The code reuses CATEGORY_LIMIT = 1000, which means worst case we can end up with 2 msearch queries for baseline and deviation with each 1000 queries looking for counts of categorize patterns.
CATEGORY_LIMIT: https://github.com/elastic/kibana/blob/main/x-pack/platform/packages/shared/ml/aiops_log_pattern_analysis/create_category_request.ts#L17fetchCategoryCounts: x-pack/platform/packages/shared/ml/aiops_log_rate_analysis/queries/fetch_category_counts.ts`
On an outer level for running analysis on keyword and text fields we apply chunking and maintain a queue to split queries but that's not happening in this case for these inner msearch queries. This can overload and potentially OOM clusters.

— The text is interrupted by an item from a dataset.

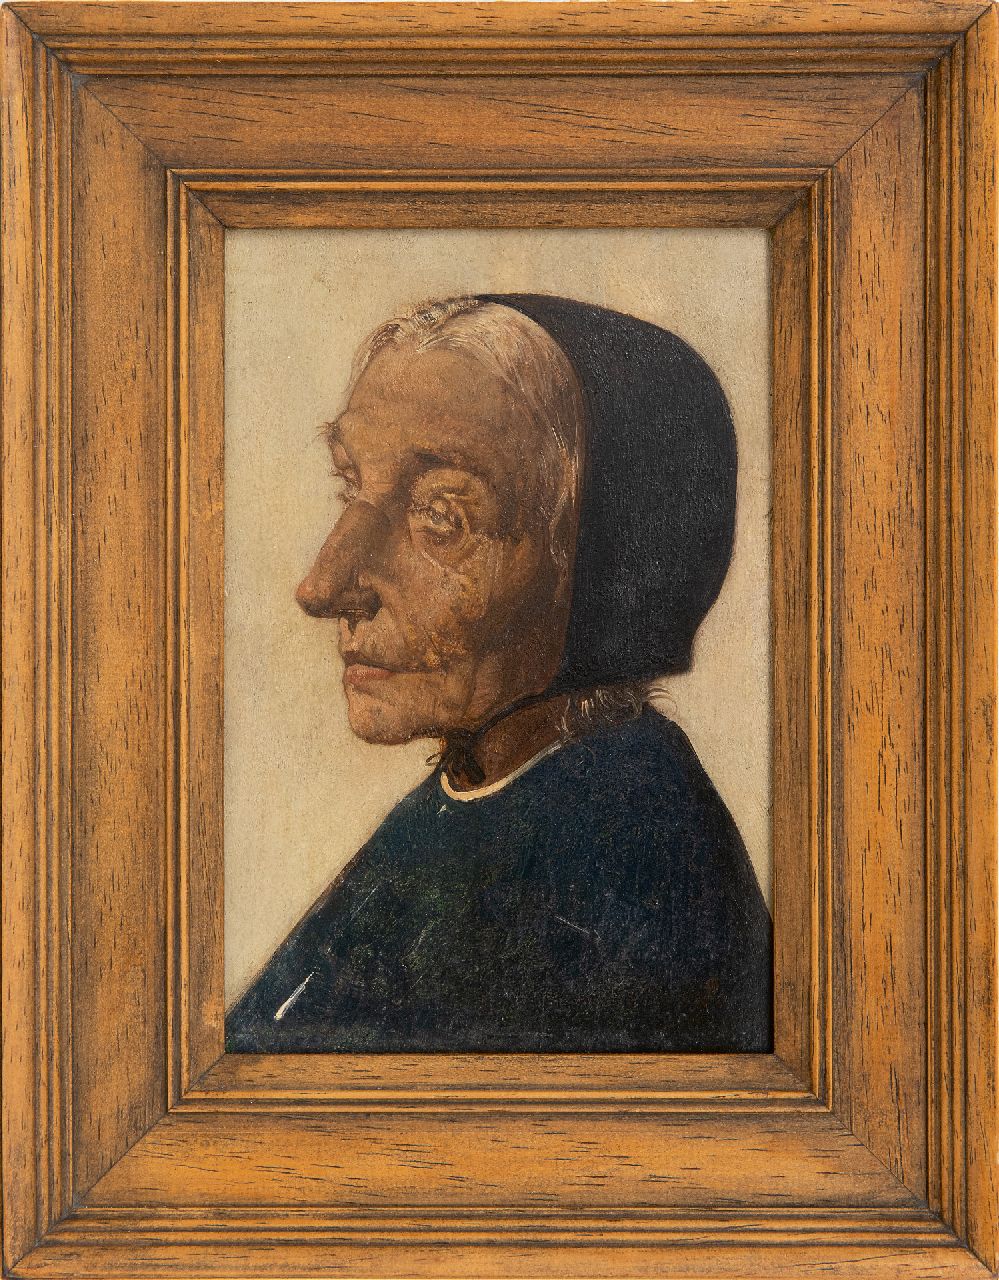 Berg W.H. van den | 'Willem' Hendrik van den Berg, Kopje van oude vrouw, olieverf op paneel 16,4 x 10,7 cm, gesigneerd rechtsonder

This code is used 1) on the main AIOps Log Rate Analysis page in the ML plugin, 2) on O11Y Alert Details pages contextual insights.
Since CATEGORY_LIMIT is hard coded and not configurable, this needs to be fixed to make the feature more resilient.
Options to fix this
Quick fix: Remove text field analysis from contextual insights here: https://github.com/elastic/kibana/blob/main/x-pack/platform/packages/shared/ml/aiops_log_rate_analysis/queries/fetch_log_rate_analysis_for_alert.ts#L158 - Obviously the analysis will no longer identify significant text patterns (will still identify significant keyword fields) but it eliminats the risk of running into large msearches completely
Quick fix alternative: Overwrite the CATEGORY_LIMIT to something much smaller, for example in x-pack/platform/packages/shared/ml/aiops_log_rate_analysis/queries/fetch_categories.ts with something like:
request.query = query;
if (request.aggs.categories?.categorize_text) {
request.aggs.categories.categorize_text.size = 50;
}
This means we'll likely miss low-count/long-tail but still significant text patterns but it will still identify high-count ones.
Longer term fix: Similar to how we chunk/queue requests on the outer level for the list of fields to analyse, we'd need to create another inner chunked queue for these requests to not throw all requests into a single msearch.
Maybe related: On the log rate analysis page in the ML plugin there's a setting to exclude frozen data which is ON to exclude by default. That is likely not the case on the O11Y alert details page where the feature gets used as part of contextual insights.